Question

You put $300 at the end of each month in an investment plan that pays an APR of 7%. How much will you have after 18 years? Compare this amount to the total deposits made over the time period.
a.
$129,201.10; $64,800
c.
$129,216.31; $64,800
b.
$129,211.25; $64,775
d.
$129,218.51; $64,775

Answer 1

This is a future value of annuity problem

http://www.investopedia.com/terms/f/future-value-annuity.asp


\[\Large FV = C*\left[\frac{(1+i)^n-1}{i}\right]\]

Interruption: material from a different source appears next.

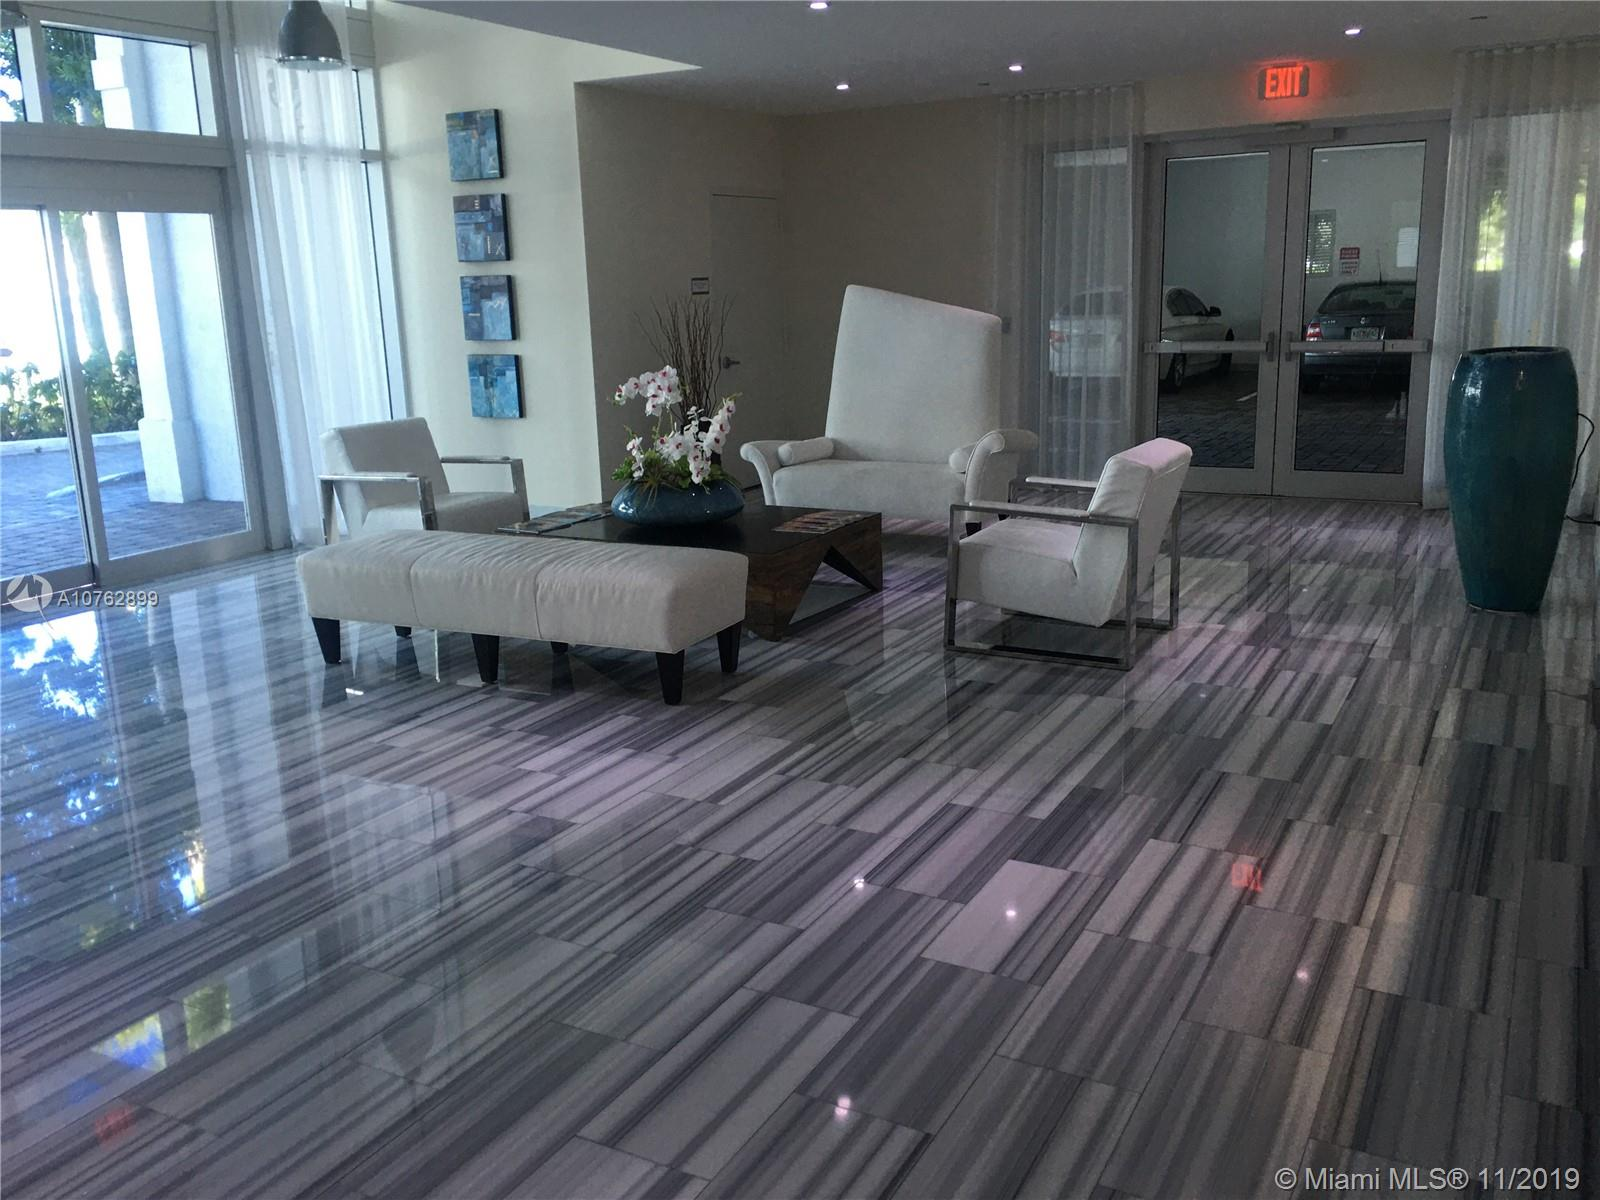 3030 NE 188th St #304, Aventura, FL 33180 - Aventura, FL real estate listing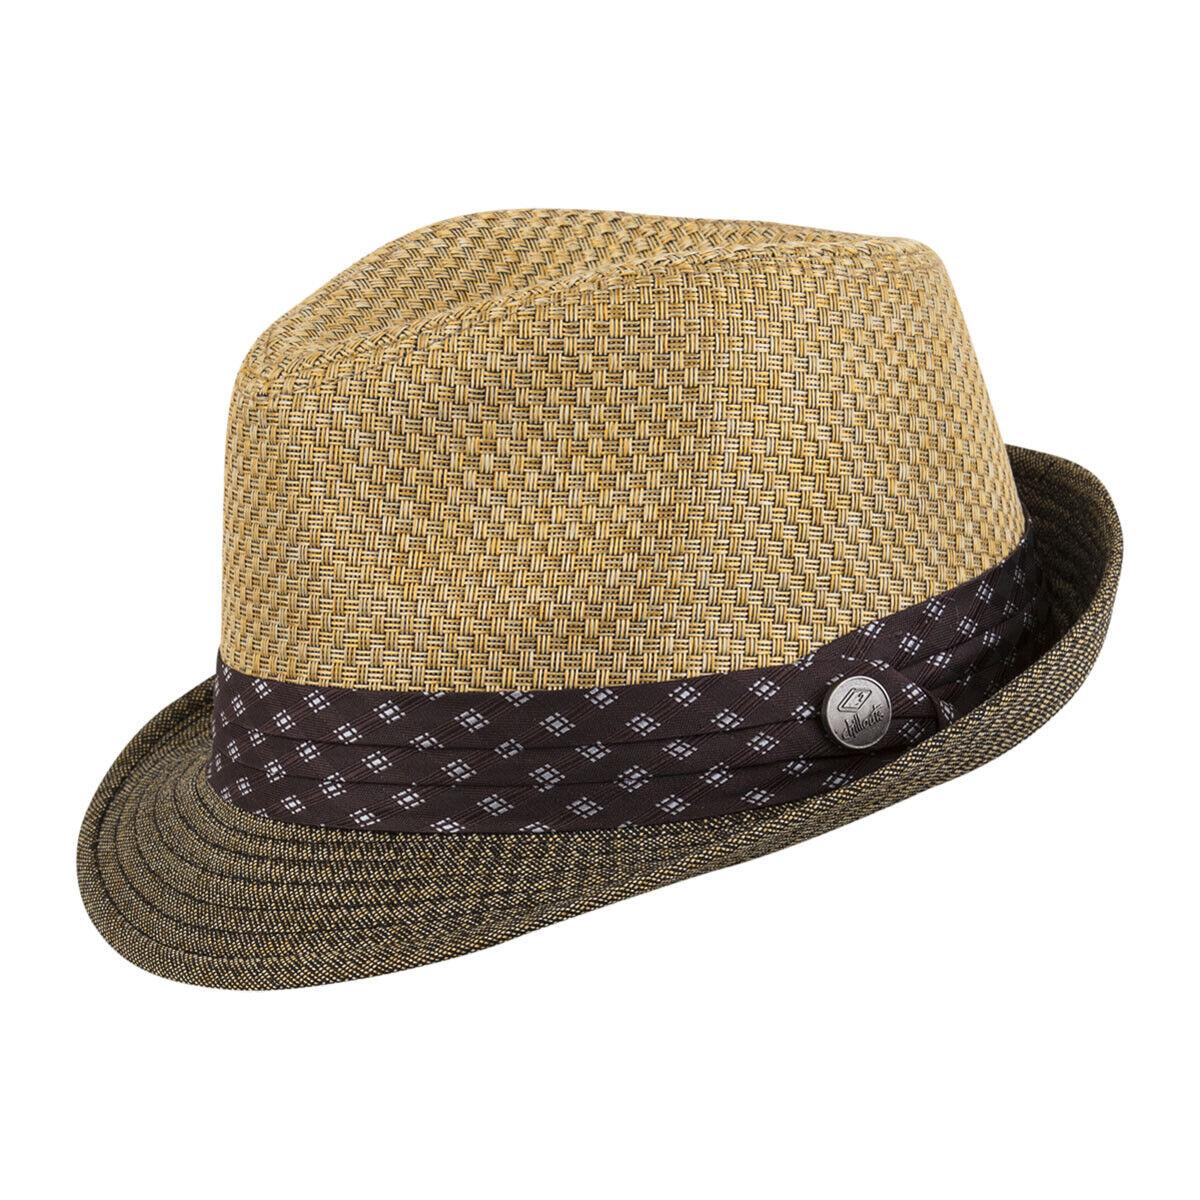 CHILLOUTS Luton Hat in Golden Braun S/M   Herren Hut   Trilby Hut   Sommerhut

FV = future value after n periods
C = cashflow (aka amount of money deposited each time)
i = interest rate per period
n = number of periods


In this case,


FV = unknown
C = 300
i = 7%/12 = 0.07/12 = 0.00583333333333
n = 18*12 = 216


Now plug this into the formula given on the link. Then use a calculator to compute



\[\Large FV = C*\left[\frac{(1+i)^n-1}{i}\right]\]


\[\Large FV = 300*\left[\frac{(1+0.00583333333333)^{216}-1}{0.00583333333333}\right]\]


\[\Large FV \approx 129,216.307980597\]


\[\Large FV \approx 129,216.31\]


Don't forget to round to the nearest penny

Answer 2

So after 18 years, you'll have $129,216.31 in the account


This is assuming you deposit $300 each month (every month for 18 years).


Compare this with just storing $300 under your mattress and you would have 300*12*18 = $64,800

Answer 3

So clearly depositing the $300 into a bank account is the better choice. You practically double your money.